At 01:57 PM 8/12/2004 -0500, Peter Anderson wrote:
Leila Darabi asks:
"I am a student at Columbia's School of Journalism researching a
story on New York City's long-term plans for solid waste management and
the business of exporting trash out of state.

"I am trying to understand the environmental pros/cons and
cost/benefits of reopening New York City's marine transfer stations
and converting them into facilities that could containerize waste
and make it easier to transfer out of state.

"Can anyone refer me to experts on New York City waste management,
the export business and/or the marine transfer of solid waste?"


What is an "expert?"

NYC is not interested in coming to grips with it's garbage situation in a responsible manner (or at least the Mayor and the Dept. of Sanitation aren't), but wants to dump its garbage all over the East Coast. Bloomberg, like many money people, is attracted to incinerators for reasons having nothing to do with their merits (few) for dealing with garbage.

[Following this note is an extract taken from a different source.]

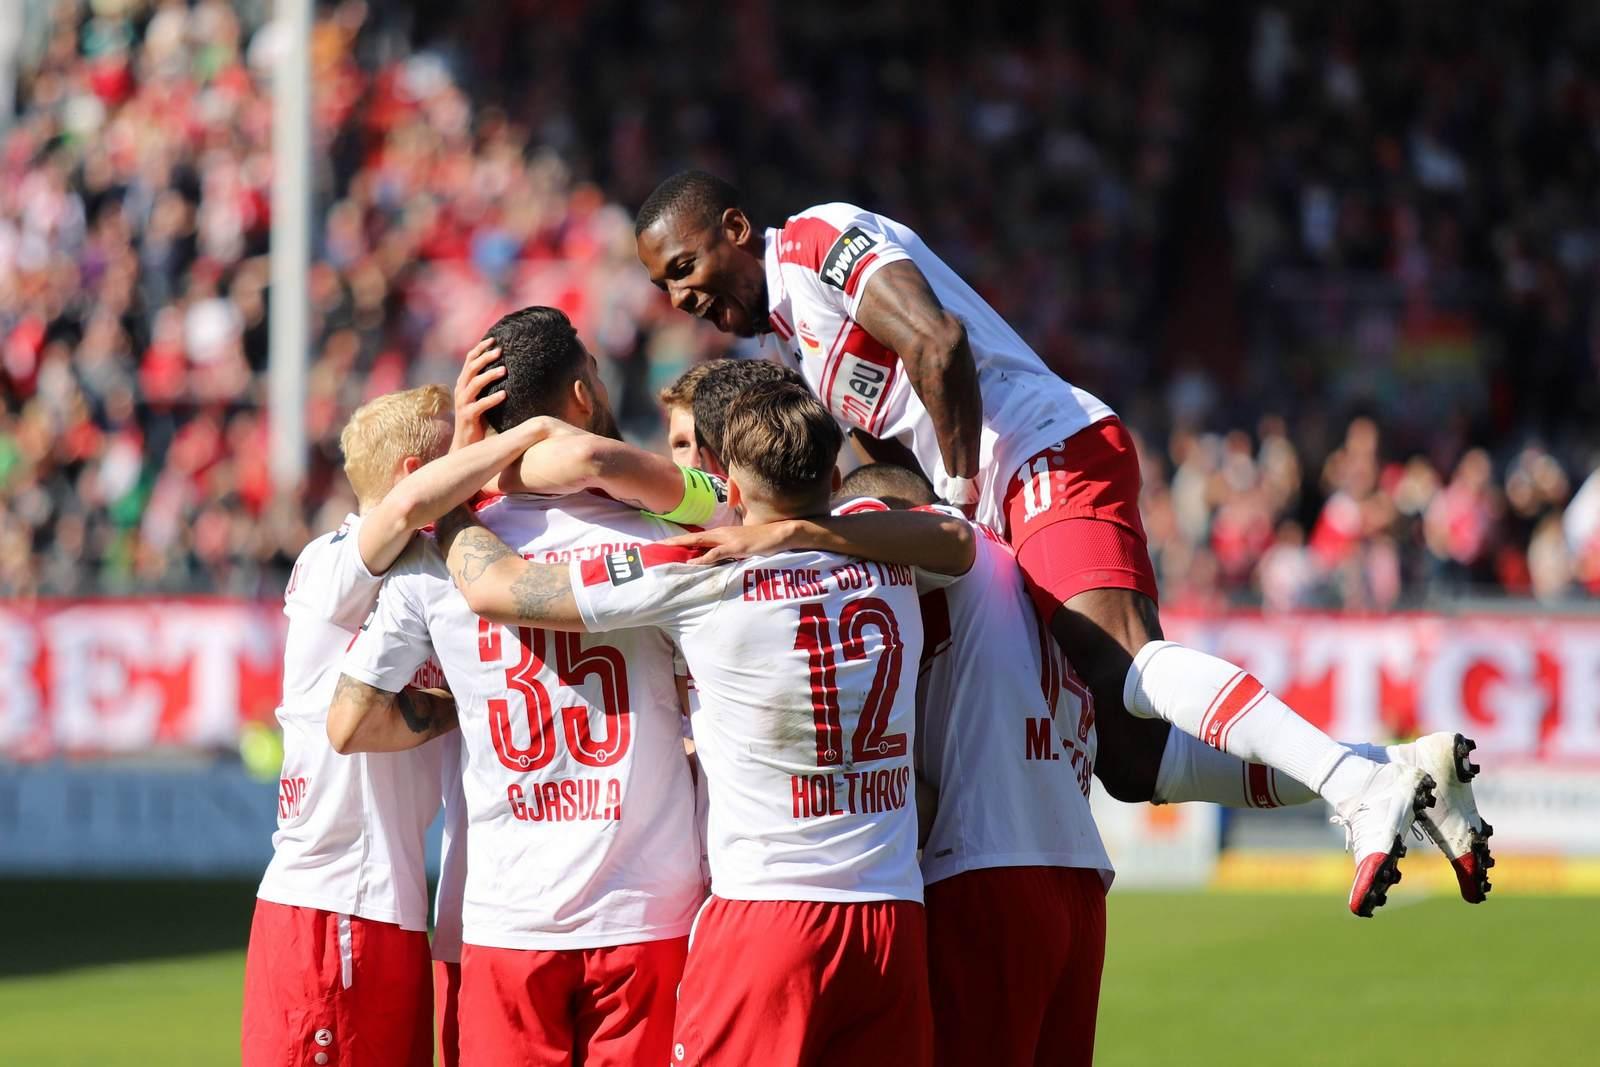 Jubeltraube des FC Energie Cottbus in der Partie gegen Fortuna Köln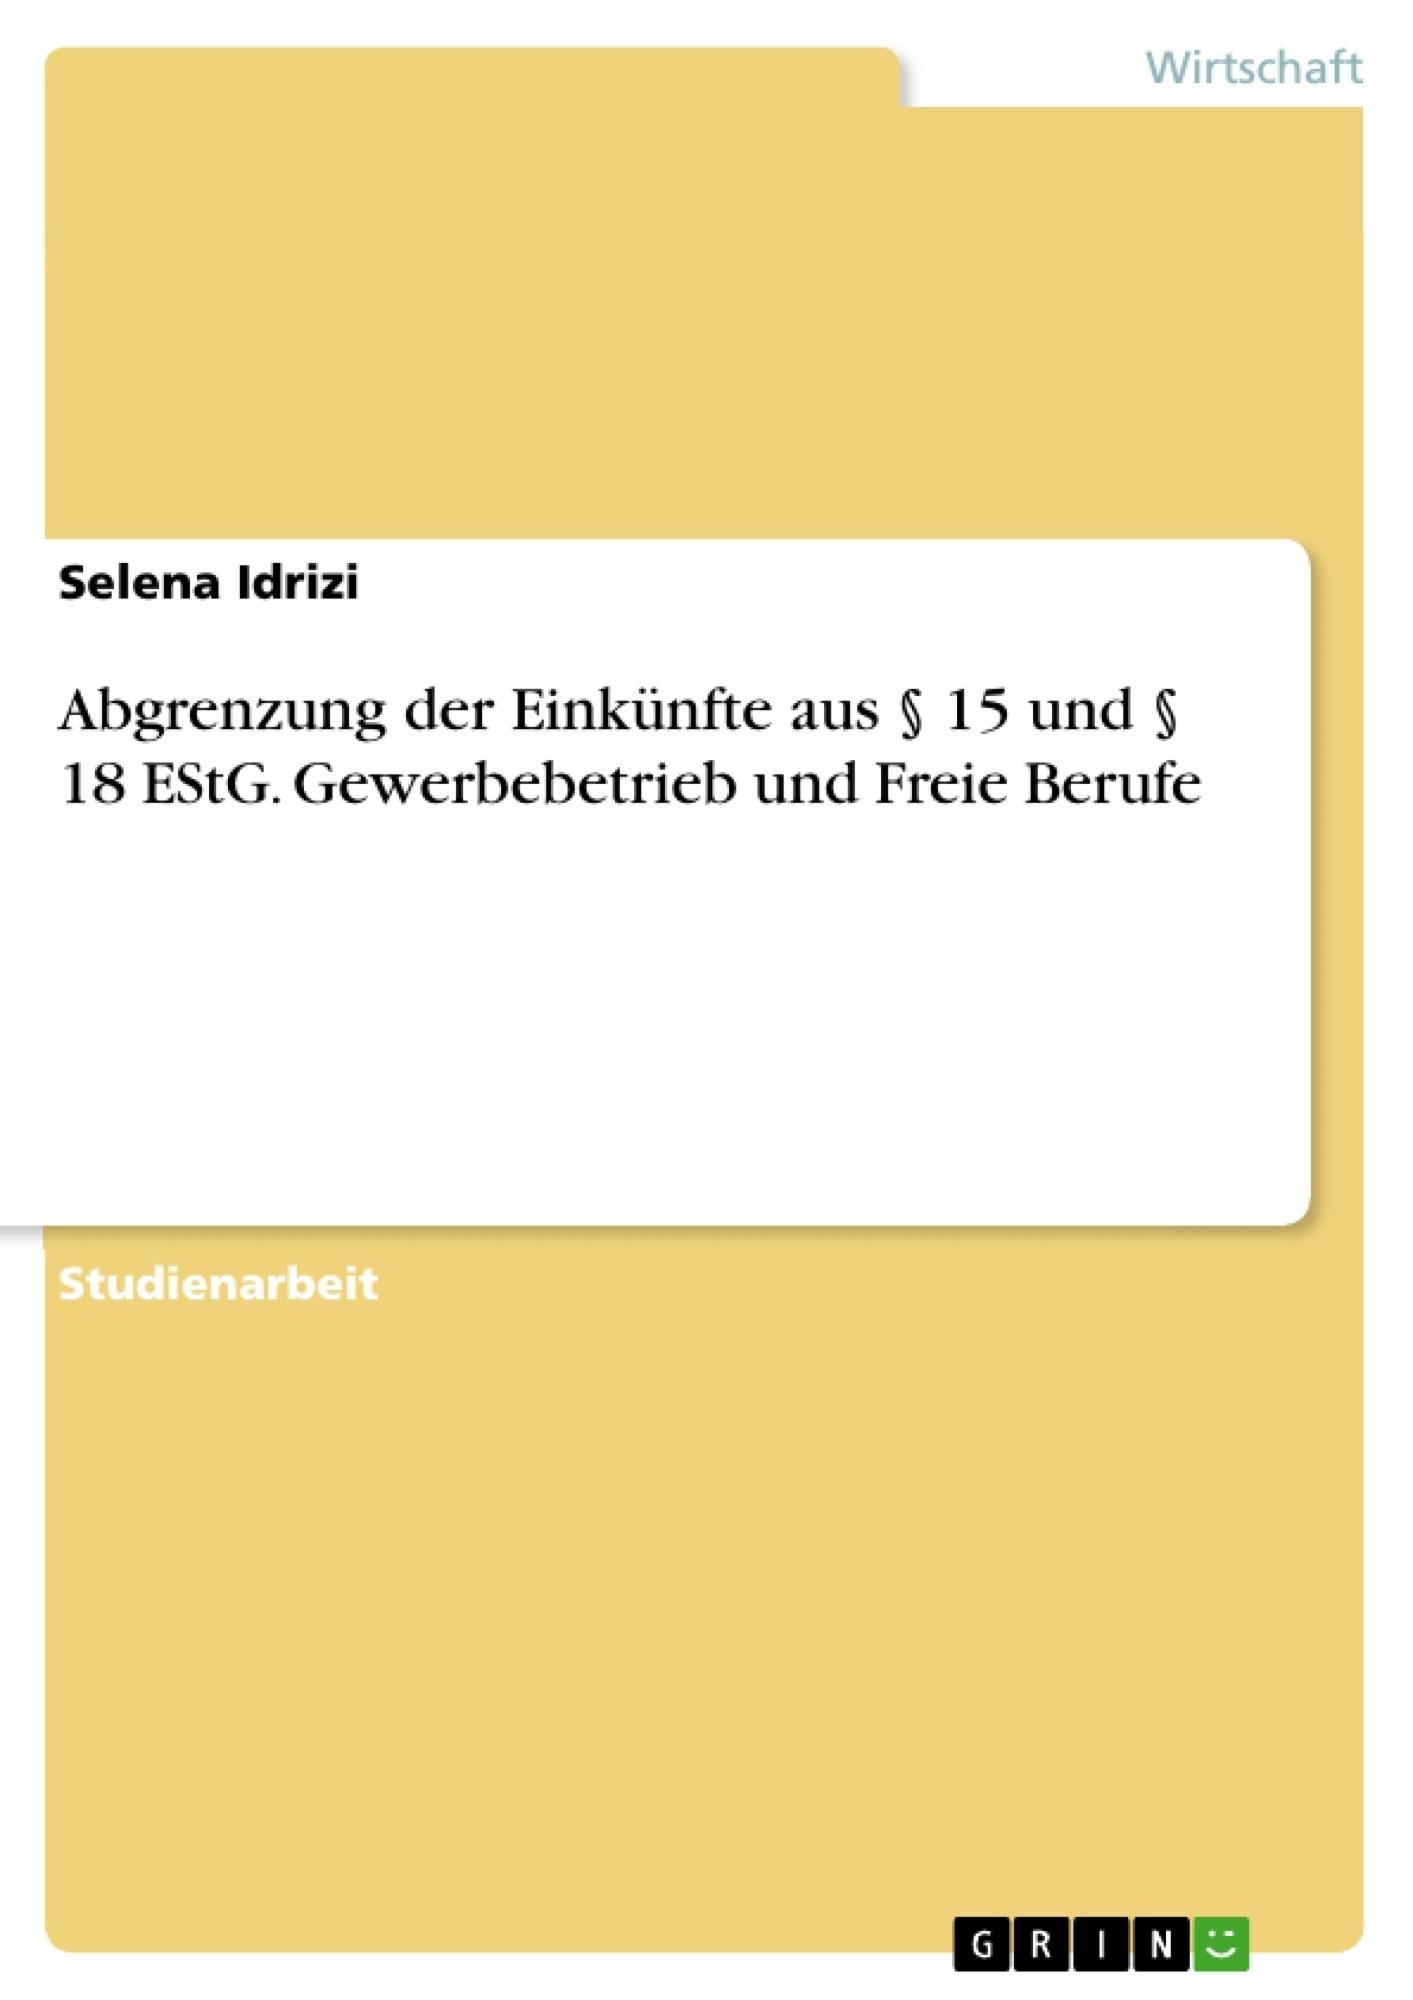 Titel: Abgrenzung der Einkünfte aus § 15 und § 18 EStG. Gewerbebetrieb und Freie Berufe

I suppose the marine transfer stations seem desirable from the standpoint of the economics for the City, as mentioned by Peter, because they *could* help avoid Waste Management and the like from getting a monopoly. (One might well tend to look with favor on anything not liked by WM....), but what about the impacts on the garbage-receiving communities?

So it is a complicated question..... From my point of view, I don't particularly want NYC garbage rolling through my state on the way to Virginia, or wherever.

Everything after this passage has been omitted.